74OA said:
All true, but the big energy companies wouldn't be rushing to complete five new export terminals at a cost of billions if they didn't see a robust overseas market for LNG. In addition to strongly growing demand in China, South America (both facilitated by the new Panama Canal) and non-pipeline countries in Europe (which is adding LNG import terminals), US domestic gas consumption appears to be growing by leaps and bounds, too: GAS
Don't fall into the trap of thinking that if a big multinational thinks it's a good investment that the deal is bulletproof. There are plenty of multi-millionaires or more who have made their money taking advantage of the fact that the
big energy companies reach for the big, high-capex fruit like Tyrannosaurus Rex and forget that their arm are too short to get all of the fruit off the tree.
XOM, Qatar, COP, Total, BP, Shell, BG, CVX all spent billions of dollars to import LNG into the US. Once Brother George Mitchell's concept of horizontal drilling into shale formations with precision and hydraulic fracturing was proven up -- and ***oshima got wiped out by an earthquake -- US energy prices fell so hard and so fast versus alternatives that there was no arbitrage between extracting worthless gas from some reservoir in some miserable backwater for export to the US. The national champions spent BILLIONS of dollars every year for the option to bring LNG into the US but never made a nickel to offset those fixed costs.

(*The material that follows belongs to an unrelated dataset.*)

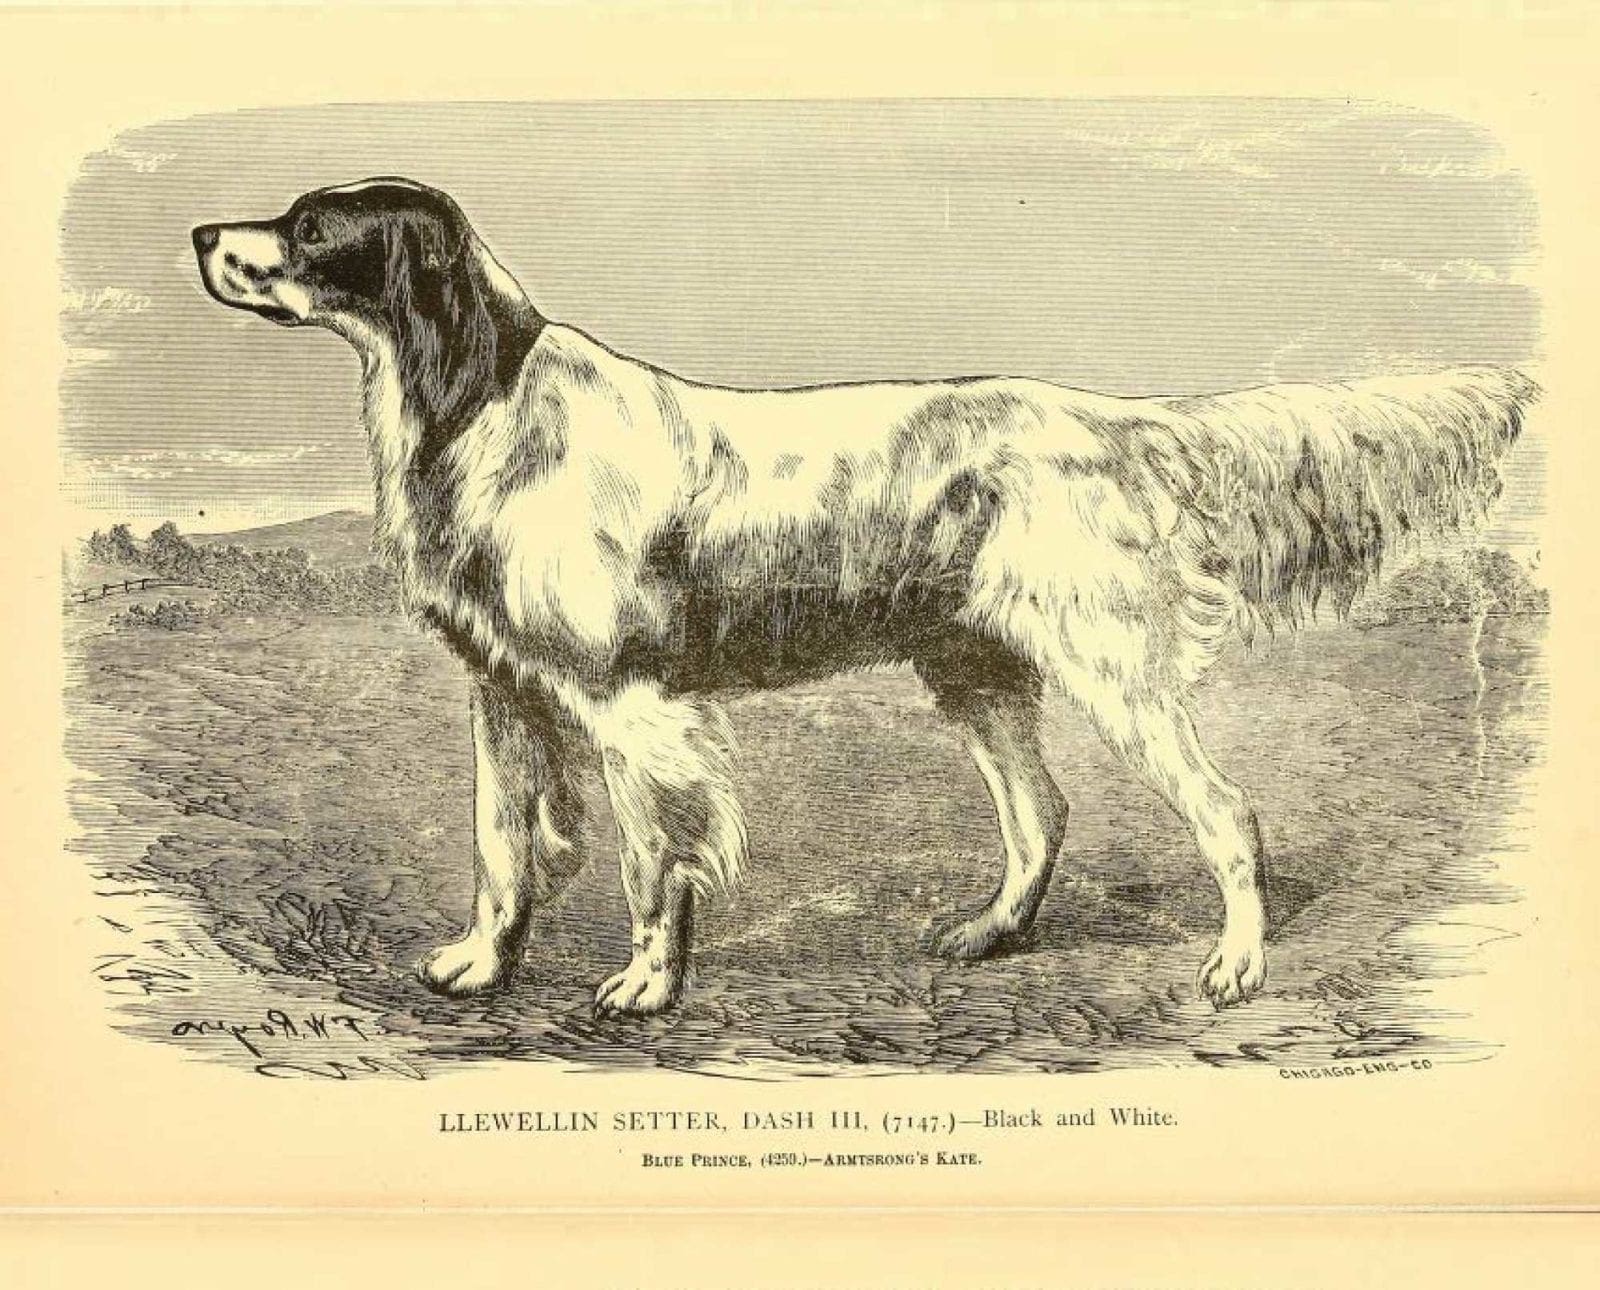 A Llewellin setter on point.

Charif Souki, who could sell ice to Eskimos and condoms to cloistered nuns, has made money on the LNG import craze in the 2000s and now the export craze. His customers are the importers who don't have local resources -- the idiot Spaniards, JKT, India -- all demand side. I include Shell via BG as demand side because of their JKT obligations and the gefucht supply deals they have with Equitorial Guinea, Nigeria and Egypt.
That's probably too much inside baseball, so let me just put this on the table: global LNG demand is a function of national GDP adjusted for carbon and filtered through infrastructure. Supply has historically been sourced from miserable backwaters in which methane is a waste product, only present because of extraction of higher value commodities like NGLs, crude or coal. Look at RasGas and Qatar and the Pars asset, Trinidad or Queensland. Baltics, Snoevit, Sakhalin.
Of those resources, all are remote without viable pipeline gas markets. US produces 70 bcf/d and burns less than that -- but retire a dozen coal plants and have an average winter that puts wind and solar out of the mix, then staple on a trailing hot summer -- US gas prices will make export absolutely inviable.
Which opens up another arbitrage opportunity. LNG can be a fun business if you're fixed costs are low, your charter brokers are good and you bribe the JKT cartel enough to see their tenders. The full path economics are tough to solve over any horizon.